Isolation and anxieties of Covid and Trump eras drive campus matchmaking model, and possible reinforcement of elite
Computerised romance surveys to show students their single most compatible person on campus are quickly gaining popularity in the US, easing pandemic isolation and anxiety while potentially reinforcing the inequities of elite higher education.
The phenomenon, known as Marriage Pact, began as a classroom project at Stanford University in 2017 and has since reached more than 65 campuses nationwide, mostly in the past year. They now include most of the Ivy League and an assortment of other top-ranked institutions.
Students at 2,500 other universities – most of US higher education – have taken steps towards joining, overwhelming the organisation’s intake capacity, said Marriage Pact co-founder Liam McGregor. Overseas interest, he said, has come from places that include Mexico, the UK, France, Italy and Singapore.
And where it’s been implemented, it’s been enthusiastically embraced, often with majorities of entire undergraduate populations answering the dozens of questions crafted for their particular campus.
The idea is a version of various online dating services, with the key distinction of providing just a once-a-year survey-driven recommendation of the single best fit for each participant within their campus enrolment.
The accompanying pitch is that students – especially at the nation’s most competitive institutions – are too busy during their four years of academic studies to seriously assess potential romantic partners and yet will never again live in such an ideal environment to find them.
“Let’s just put it out there: college is the best place to find The One,” the Marriage Pact says in its promotional material. “And you won’t be here forever.”
The Marriage Pact slogan refers to the idea that young people – such as in an episode of the popular 1990s-era television series Friends – should have in mind a person to marry if they otherwise haven’t found someone by about the age of 40.
The Marriage Pact and outside experts attribute the programme’s popularity to factors – beyond the technological capacity to do it – that include women increasingly feeling harassed in dating environments; shifts in gender identities that complicate in-person encounters; and the social isolation and anxieties of the Covid and Trump eras.
Yet one broad expectation of the project is the even greater likelihood of people staying within their own educational and societal divisions. Even before the Marriage Pact arrived, a 2013 study by Facebook found US college graduates marrying at older ages but still ending up with people from their own educational background – 28 per cent of married graduates using the social platform attended the same college as their spouse, and 15 per cent attended the same high school.
“Decades ago, it was more common to have people marry with less similar incomes and educational goals,” said Robert Kelchen, a professor of higher education at the University of Tennessee-Knoxville who has studied college-marriage associations. “But assortative mating – driven in part by social pressure – has likely reinforced income inequality.”
Mr McGregor, a 2020 Stanford graduate, developed the Marriage Pact concept with a classmate, Sophia Angus-Sterling, a 2019 graduate. They hoped that year to collect 200 student responses for their real-world market design final project, and were quickly overwhelmed by 4,000.
Mr McGregor took a job as a data scientist at Microsoft after graduation, before returning to the Marriage Pact to try running it as a business. He admitted uncertainties about how the initiative might make money, as well as over questions of its social implications.
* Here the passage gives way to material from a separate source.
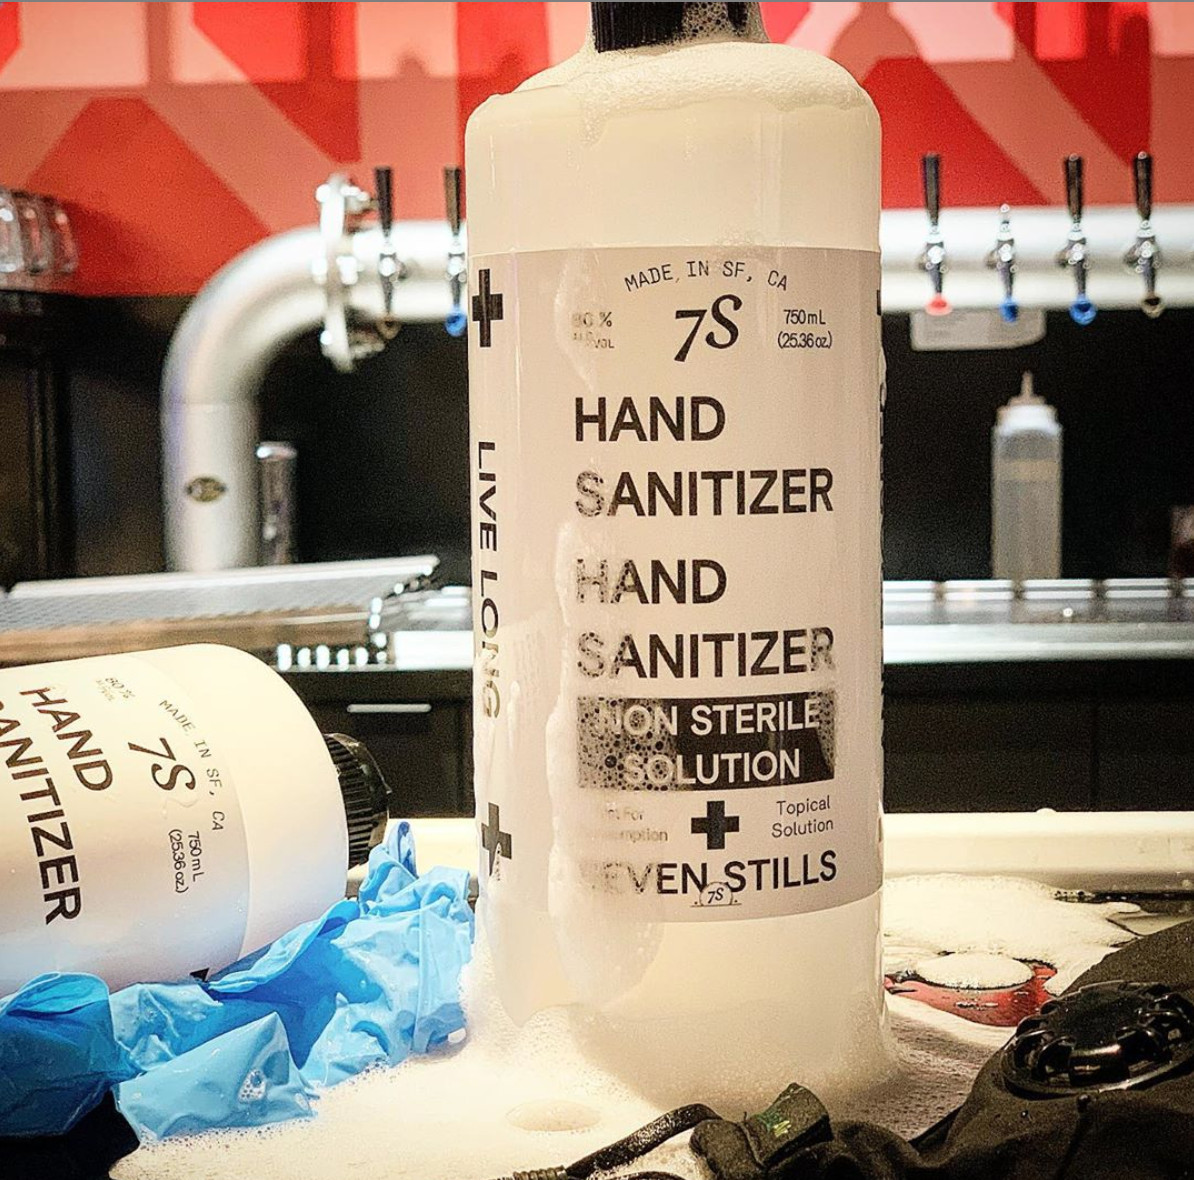 Hand sanitizer at Seven Stills

In an interview, Mr McGregor expressed confidence that the Marriage Pact would counter homophily – the tendency of people to seek romantic partners who seem similar by most outward measures – because its long list of questions aims to identify values rather than just compile current interests.
“Marriage Pact combats homophily by letting you look deeper down rather than at surface-level commonalities,” Mr McGregor said. But he acknowledged not having any evidence that the bottom-line result wouldn’t simply end up reinforcing connections between people of comparable educational and societal backgrounds.
Galit Atlas, a clinical assistant professor of psychotherapy and psychoanalysis at New York University, said she saw the Marriage Pact quite clearly pushing people towards the familiar, especially at a time of great social upheaval and uncertainty.
The list of participating Marriage Pact institutions so far is heavily weighted toward selective universities, and Dr Atlas said she expected that would be the case. “The reason is that most people are drawn to the idea that once they get into an elite school, they will have a safe path,” she said. “The Marriage Pact provides another reassurance that they are secure.”
Mr McGregor said he couldn’t readily explain his method of picking among the 2,500 institutions applying to join. “That’s a great question,” he said, before adding: “The amount of interest, the fit for the school – for example, if we’ve done similar schools.”